▸ WORK INSTRUCTIONS:
Transcribe every line of the material below exactly, leaving out the pictures.

▸ PROVIDED MATERIAL:
*** Begin section ***
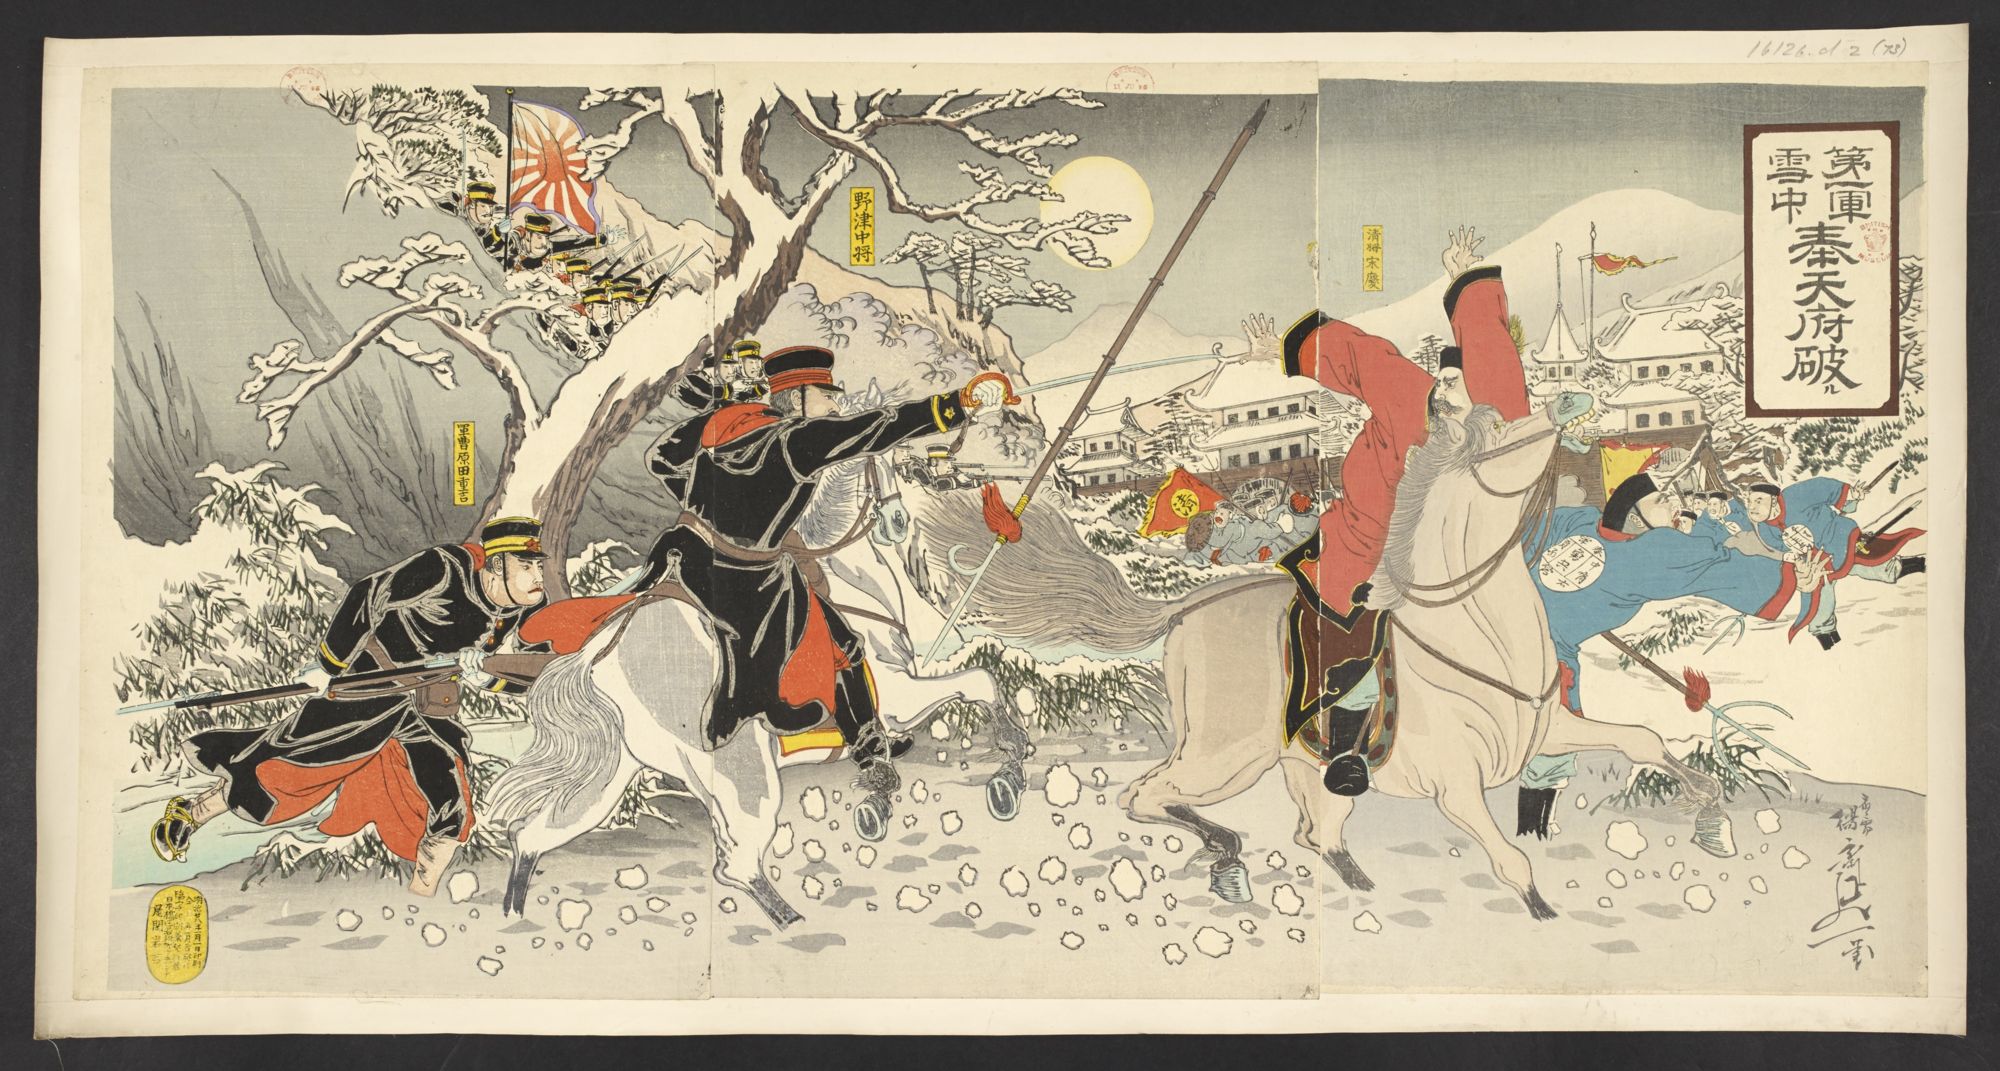 Gallery | The Sino-Japanese War of 1894-1895 ： as seen in prints
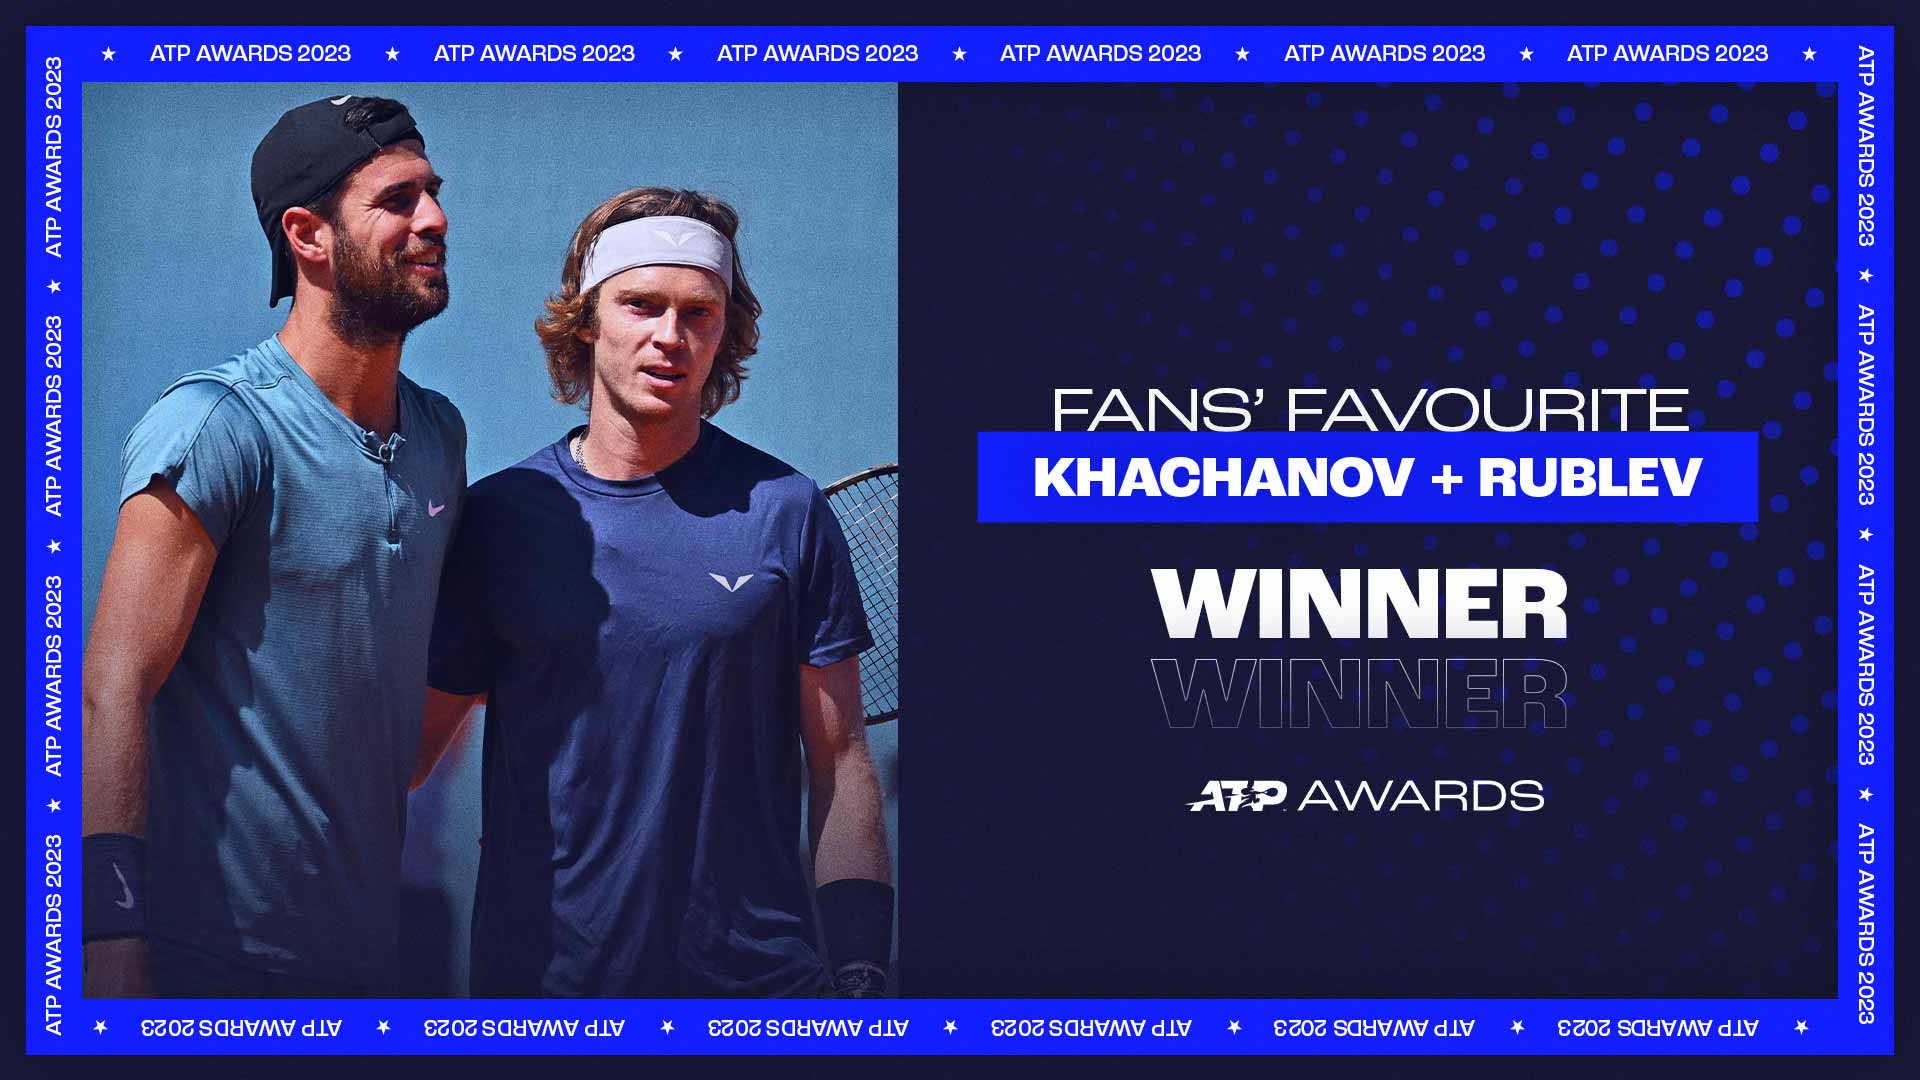 Khachanov & Rublev Named Fans' Favourite Doubles Duo In 2023 ATP Awards
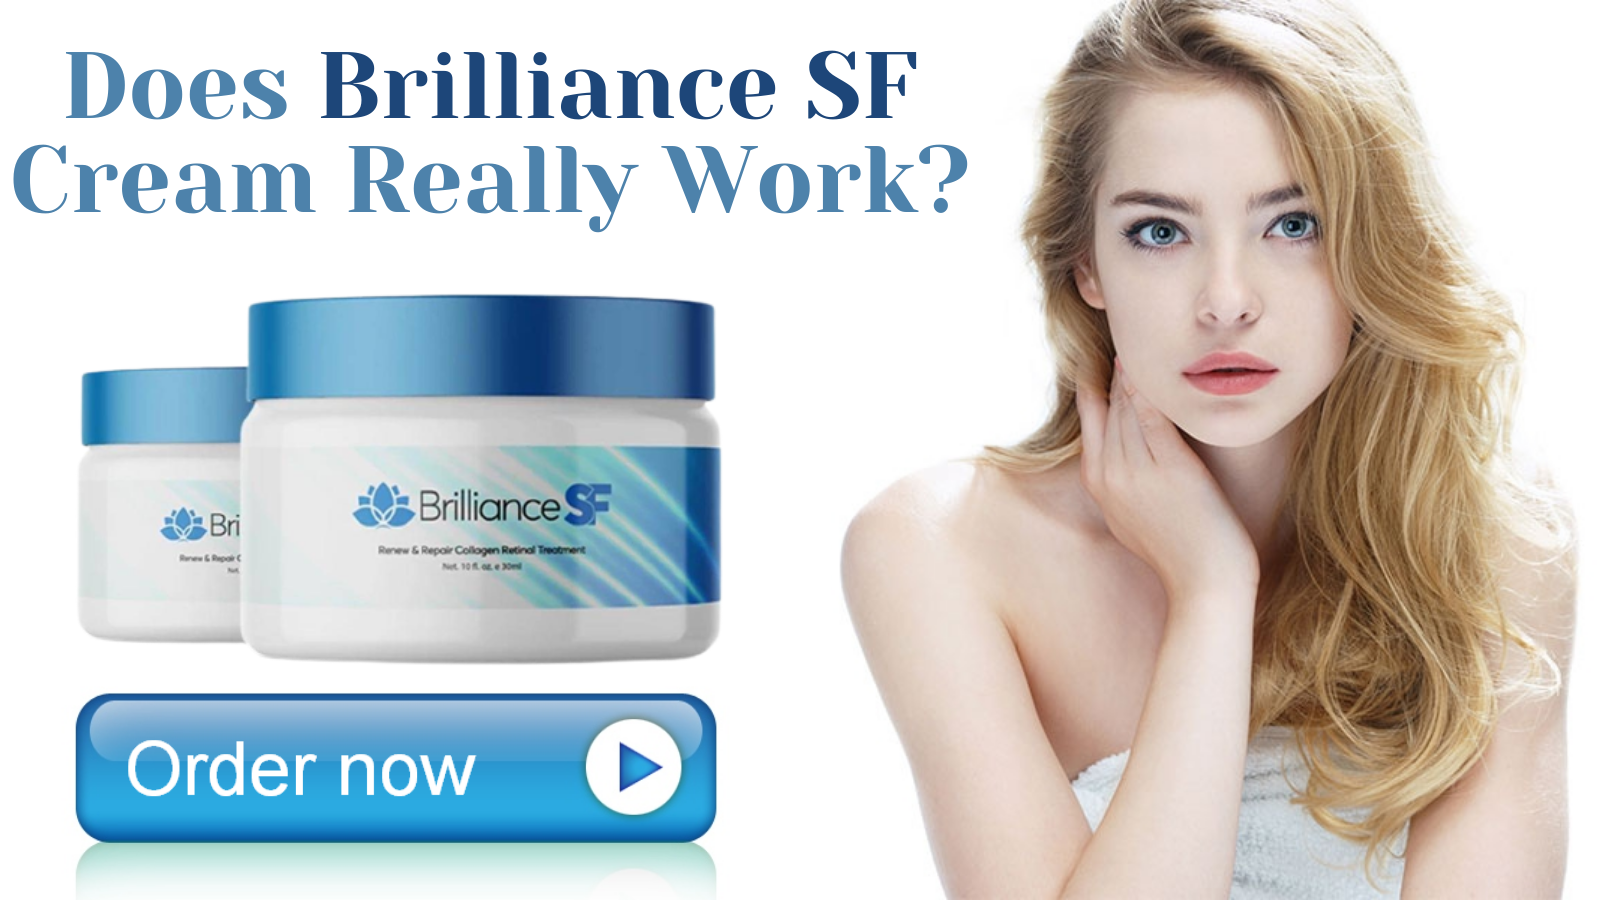 Article about Brilliance SF Anti Aging Cream Safe To Use
*** End section ***
▸ ANSWER BOX:
 Gallery | The Sino-Japanese War of 1894-1895 ： as seen in prints
 Khachanov & Rublev Named Fans' Favourite Doubles Duo In 2023 ATP Awards
 Article about Brilliance SF Anti Aging Cream Safe To Use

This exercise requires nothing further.